As for the Guardian, that sorry article by Kettle claiming that the key problem is that in the modern world we can't afford a welfare state, and that no really means yes, but yeah, if in doubt or stuck for an argument then calling your opponents racists usually works.

The three key reasons for voting no were firstly unemployment, secondly
general disillusionment with the French and European political elite, and
thirdly rejection of the neo-liberal bias in the Constitution - no other
reason was cited by more than 25% of No voters.

(no subject)

Date: 2005-05-31 12:48 pm (UTC)
From: [identity profile] rwillmsen.livejournal.com
This makes sense to me. I think that people in Europe are absolutely sick of being told that they will have to sacrifice their jobs, their welfare states and their pensions in order to compete with China, India and anywhere else where wages are low and working and social conditions are abysmal. They appear to have taken this opportunity to make a stand against the way the whole world is going. Blairite journalists writing for the Guardian won't like it, but I think they'll have to start thinking a bit more critically about the way the world is going and how people feel about it, instead of just being lazy and blaming French workers of kneejerk racism and conservatism.

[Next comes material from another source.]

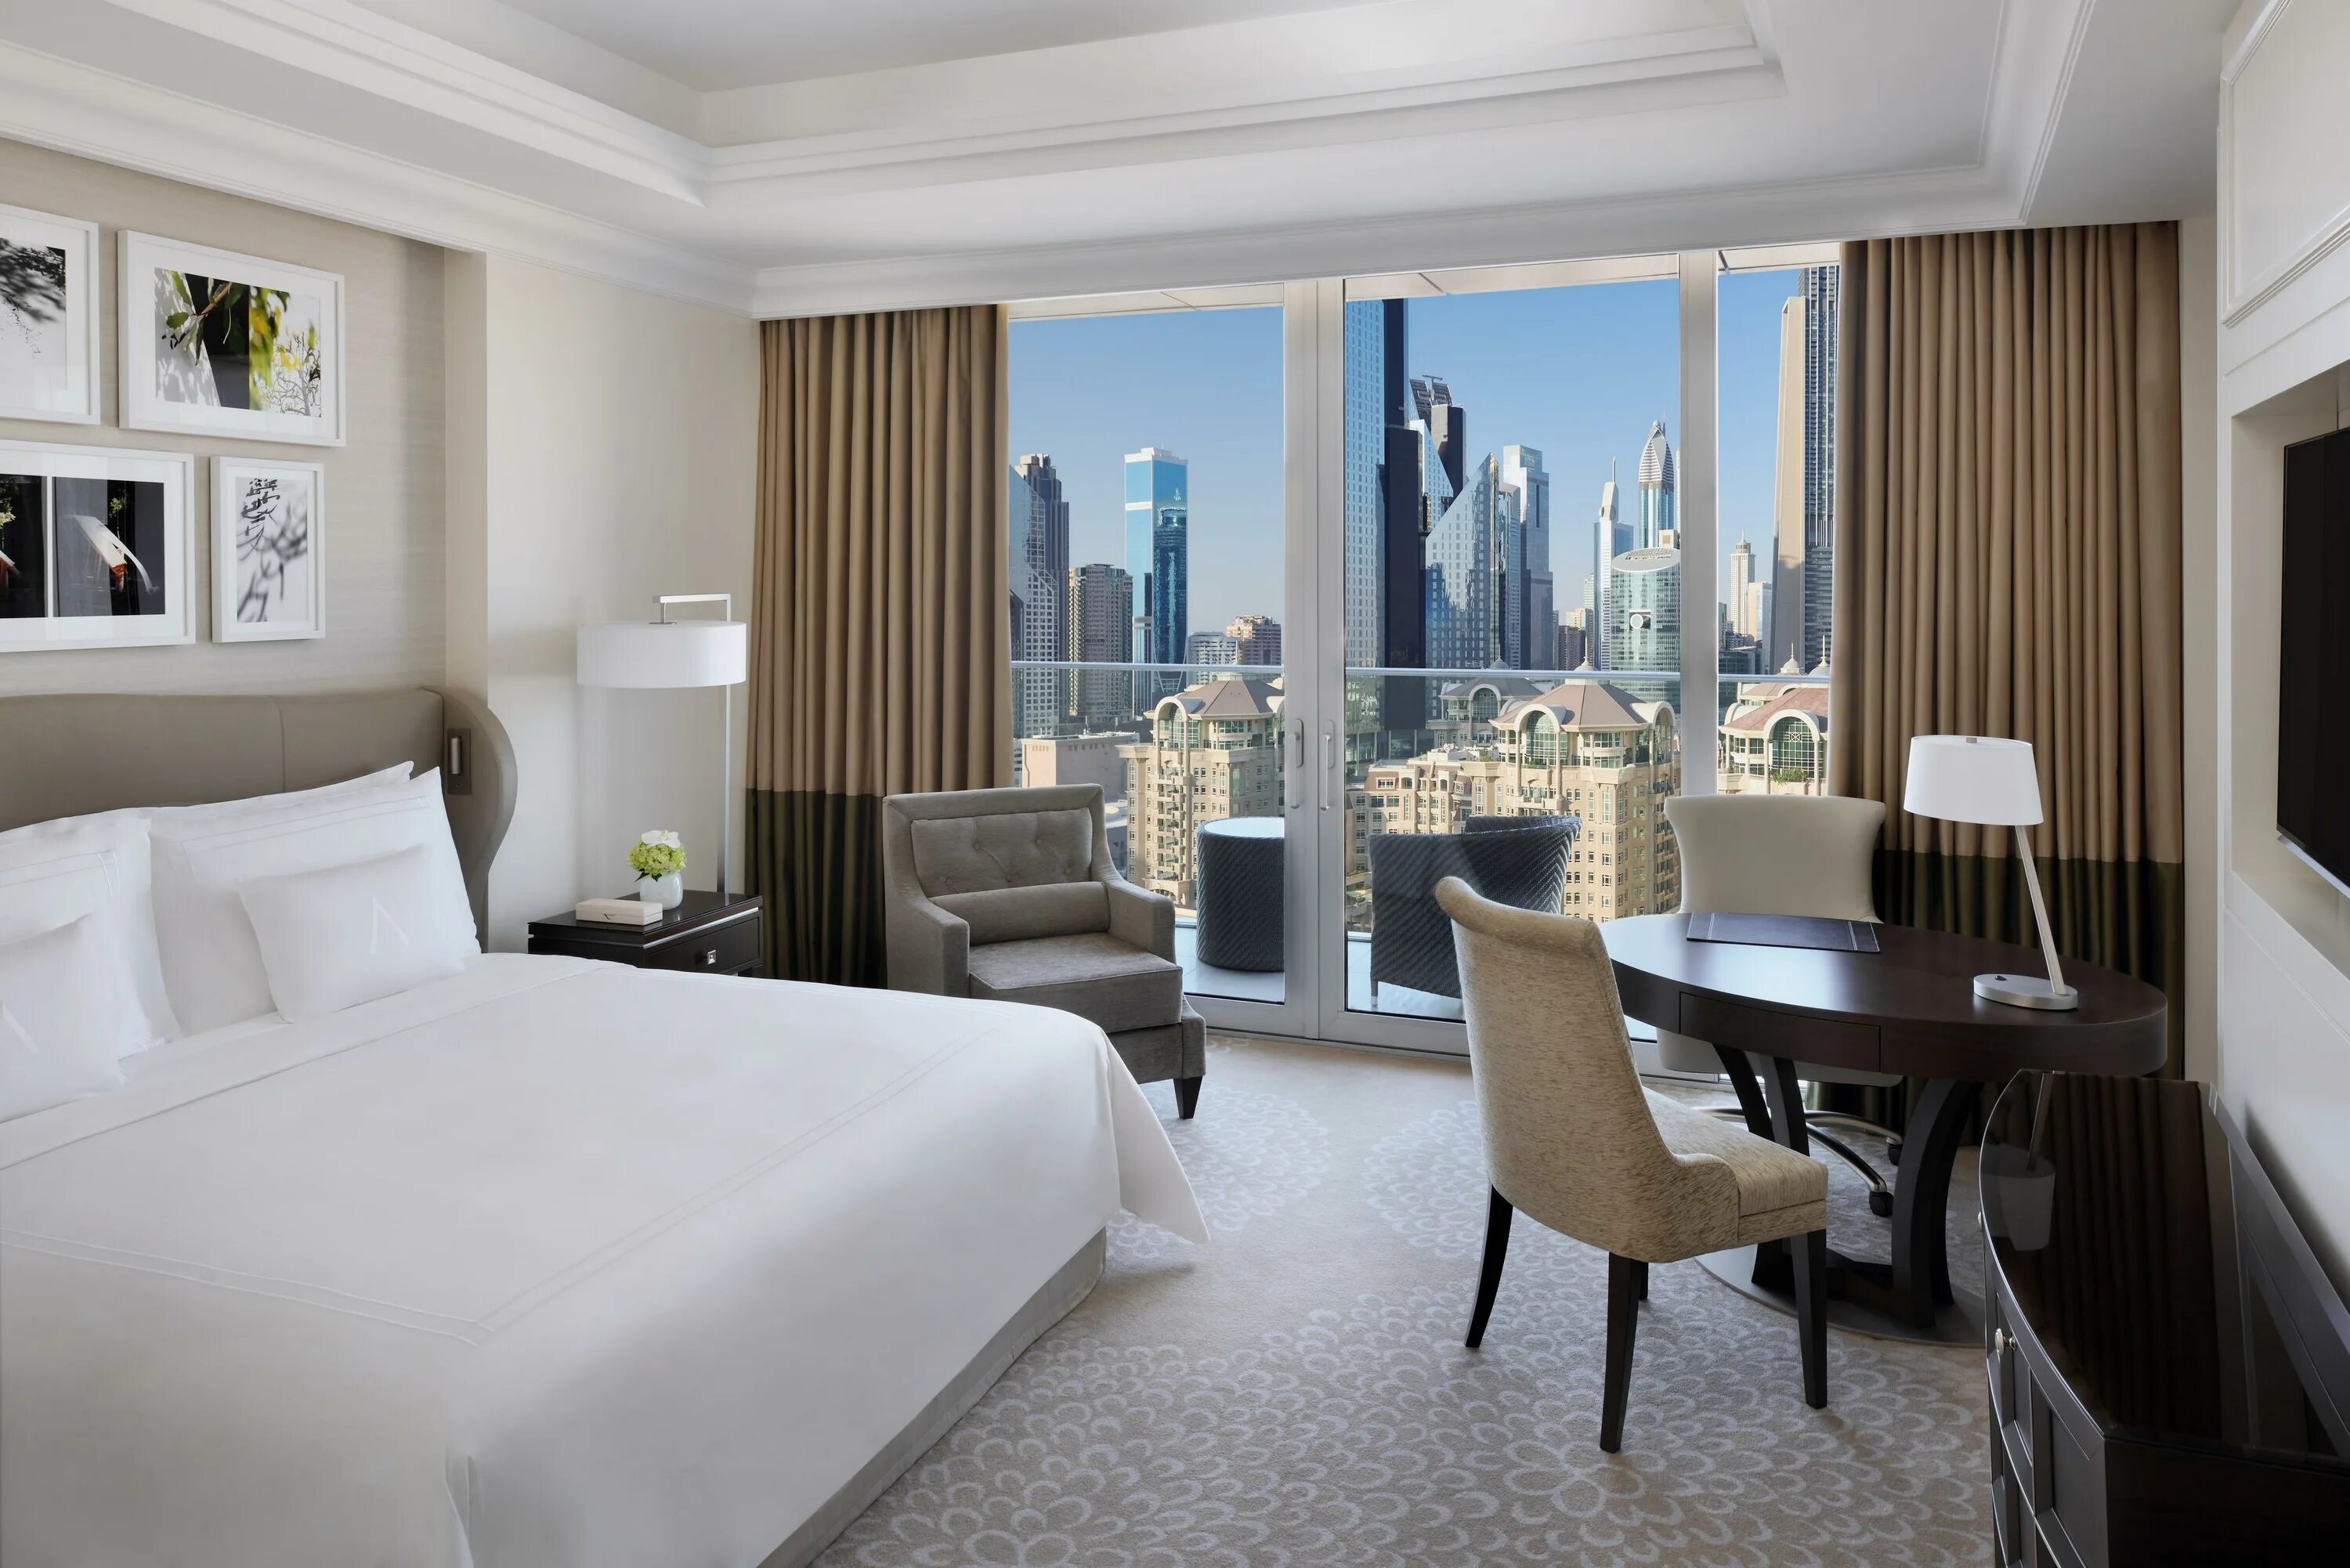 Address Boulevard Dubai. Boulevard Hotel Dubai. Novotel Даунтаун Дубай. Kempinski the Boulevard Dubai. Address отель

The answer to the problems Europe faces - primarily an aging population - is not cutting back on pensions and working conditions. If we continue on that road we will before too long all be working for Chinese-level wages. The answer is immigration. We need a grassroots political movement that recognises that fact and challenges the consensus on globalisation.

(no subject)

Date: 2005-05-31 12:51 pm (UTC)
From: [identity profile] rwillmsen.livejournal.com

ps. You need to think of the distinction between Socialists and socialists in France. Mitterand was a Socialist, but he certainly was no socialist. Ditto Tony Blair. I think that actual left-wingers voted on the whole against the constitution, although of course it's hard to verify.

(no subject)

Date: 2005-05-31 01:21 pm (UTC)
From: [identity profile] beingjdc.livejournal.com
Oh I know - I spent a lot of time in France during those years. My view is that Miterrand was elected in 81 as a socialist Socialist, with four Communist ministers in the Mauroy government, abolished the death penalty, brought in wealth taxes, nationalised the banks, panicked the markets, gave in to pressure (a lot of it from Germany) and moved to the centre in about 83-4, or whenever Mauroy was sacked.

Do you think that's fair?

(no subject)

Date: 2005-06-01 02:06 am (UTC)
From: [identity profile] rwillmsen.livejournal.com
You probably know more about it than I do, my understanding is that he was elected on a huge left-wing vote and rapidly proved to be a huge disappoinment. Plus he was an extremely dodgy individual with all sorts of extreme right-ring associations, n'est pas?

http://www.reseauvoltaire.net/imprimer12751.html

(no subject)

Date: 2005-06-01 06:07 am (UTC)
From: [identity profile] beingjdc.livejournal.com
Well, my view is very much that he was a 'proper' socialist for a couple of years, but flunked it when he had to choose between europeanism and socialism. As to the rest, a lot of strange things happened during the war - my grandfather had friends in the resistance who were shot for being collaborators because their cover had been so good they couldn't prove anything.

(no subject)

Date: 2005-05-31 01:16 pm (UTC)
From: [identity profile] beingjdc.livejournal.com
Immigration will be useful in the medium-term to smooth the curve, but it isn't a long-term solution to people living longer. All the suggested answers to that problem are tinkering. The only long-term answer to that is either to raise the amount of wealth we each generate over our total lifetimes, or reduce the annual amount of wealth we each consume.

(no subject)

Date: 2005-05-31 11:25 pm (UTC)
From: [identity profile] joentdothat.livejournal.com
I'd really like to see what Nick has to say about this. I am not an EU citizen, and honestly both sides of the arguments have elements that appeal to me (I am not certain how I would have voted) - I don't think you've addressed these points, though, Nick. I would like to see whether you have any reaction towards them.